Мои брови хмурятся. — Нет, он меня не любит. Как можно причинить боль тому, кого любишь, так же, как он причинил боль мне?
— Поверь мне, когда я говорю, что ты — единственное, что мужчина любит в этом мире. — Его взгляд прилип к моему. — Все это время он держал тебя подальше от преисподней. Никто о тебе не знает. Ты не поверишь, через какое дерьмо нам пришлось пройти, чтобы найти тебя, и это была не простая задача — забрать тебя. Мужчина может поставить такую защиту только на того, кого любит.
— Сказать ему, что ты у нас, — это не выкуп, это война. Это заявление о том, что мы готовы сражаться и не отдадим ему самое дорогое, пока он не сдастся. Вот что значит сказать ему. Мы не знаем, к чему приведет эта борьба, и поэтому мы надеялись, что ты знаешь, где мы можем его найти. Знание того, где он находится, поставило бы нас на шаг впереди. Особенно, когда он думает, что ты сбежала.
Все, что я могу сделать, это смотреть на него. Все, что он говорит, имеет смысл.
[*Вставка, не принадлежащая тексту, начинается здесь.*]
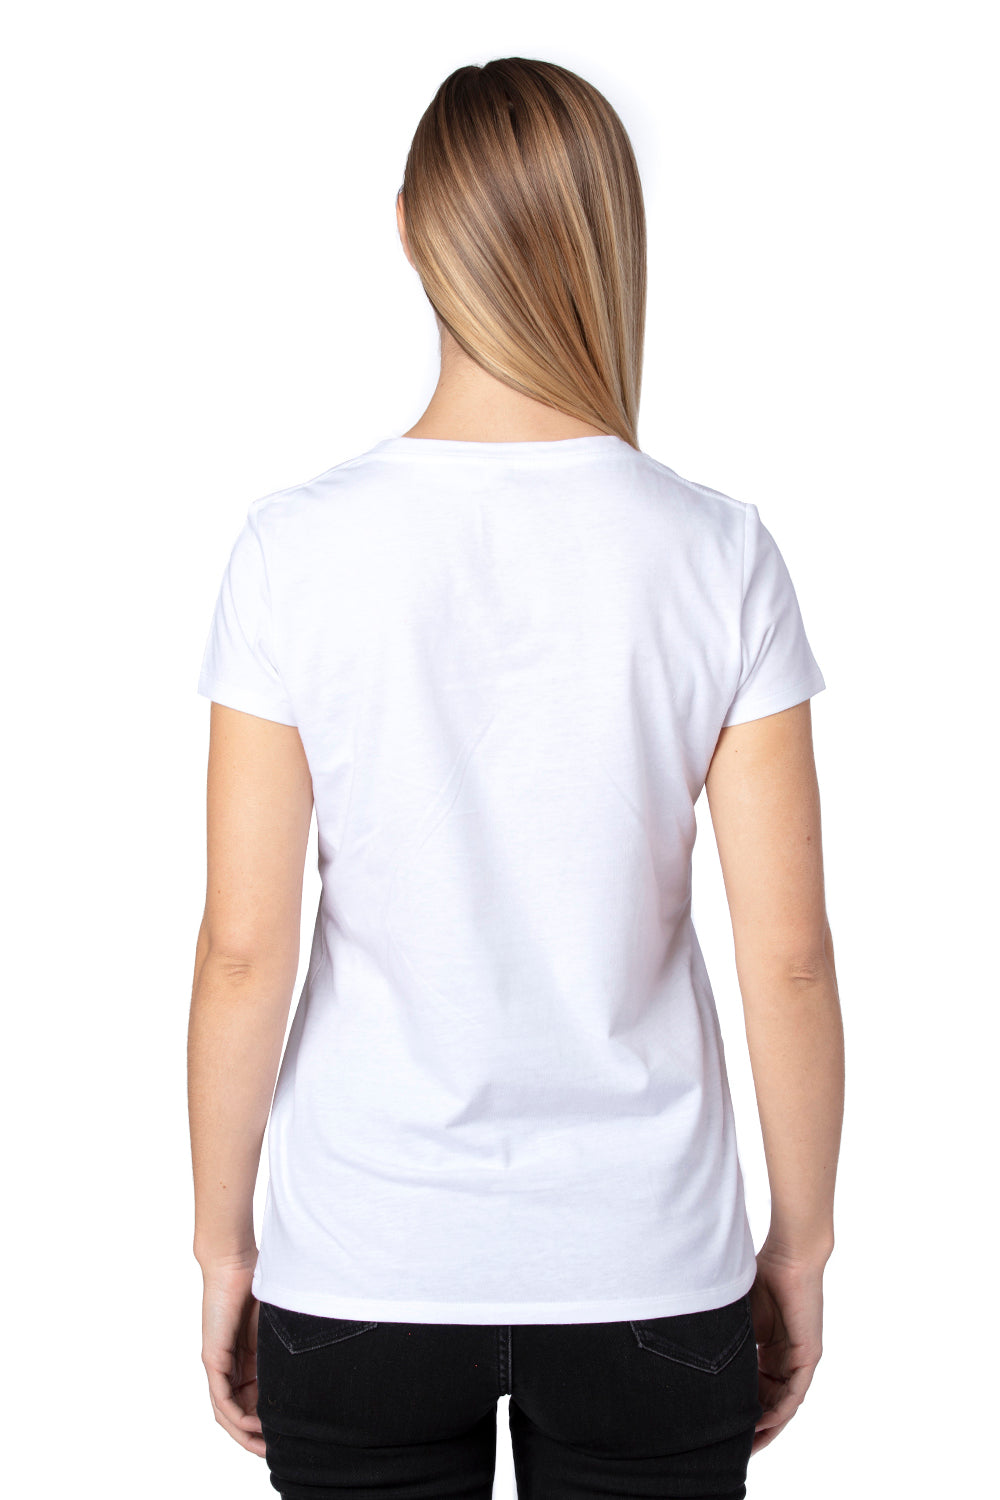 Threadfast Apparel 200RV Womens Ultimate Short Sleeve V-Neck T-Shirt White Back

Я просто так долго верила, что мой отец ненавидел меня, что трудно поверить или принять что-то еще.
— Я чувствую себя ужасно, что я его дочь. Я действительно так себя чувствую. Я просто хочу быть свободной.
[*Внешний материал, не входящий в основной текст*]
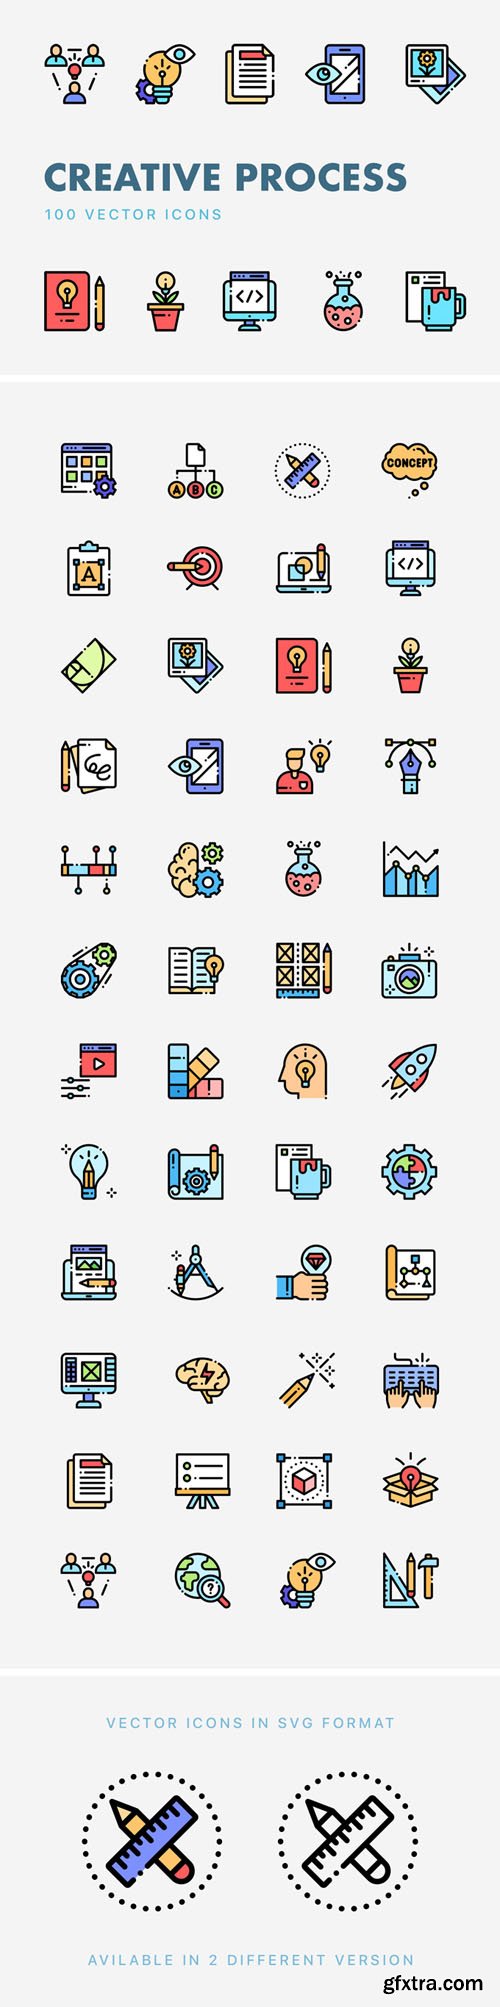 Creative Process 100 Vector Icons

— Я… пока не могу тебя освободить. Пока нет. Твоя поддержка — это рычаг, который нам нужен, даже если он не придет к нам на наших условиях. Твоя поддержка дает нам шанс. Он определенно захочет тебя вернуть.
— Я не хочу возвращаться. Я больше никогда не хочу его видеть. Я просто хочу выбраться из этого темного мира смерти, где он правит мной железным кулаком. Это не я. Я дикий ребенок. Свободный дух, который хочет жить. Неправильно держать дикое существо в клетке.
Что-то мелькает в его глазах, когда я это говорю. Это снова та боль, но я могу сказать, что я задела что-то внутри него.
— Я знаю. Я обещаю, что освобожу тебя, когда придет время. Я обещаю, что сделаю так, чтобы ты могла жить той жизнью, которой хочешь. Я просто не могу сделать это сейчас.
Я отвожу взгляд. Услышать, что мне все еще придется оставаться пленницей, было не тем ответом, который я хотела услышать. Но чего я ожидала?
Я все еще нужна для плана. Я все еще нужна ему, чтобы добраться до отца.
Я все еще являюсь сопутствующим ущербом.
А кто мы?
— А как же мы? Я знаю, что ты не должен быть со мной. — Лучше я скажу это, чем он.
Он опускает голову, давая понять, что он тоже не знает, что делать в этом отношении.
Когда он снова смотрит на меня, в его глазах грусть.
— Я должен сказать тебе, что вчерашняя ночь была концом. Вчерашняя ночь должна была сказать то же самое, но что-то каждый раз меня останавливает. — Он встает и смотрит на меня сверху вниз.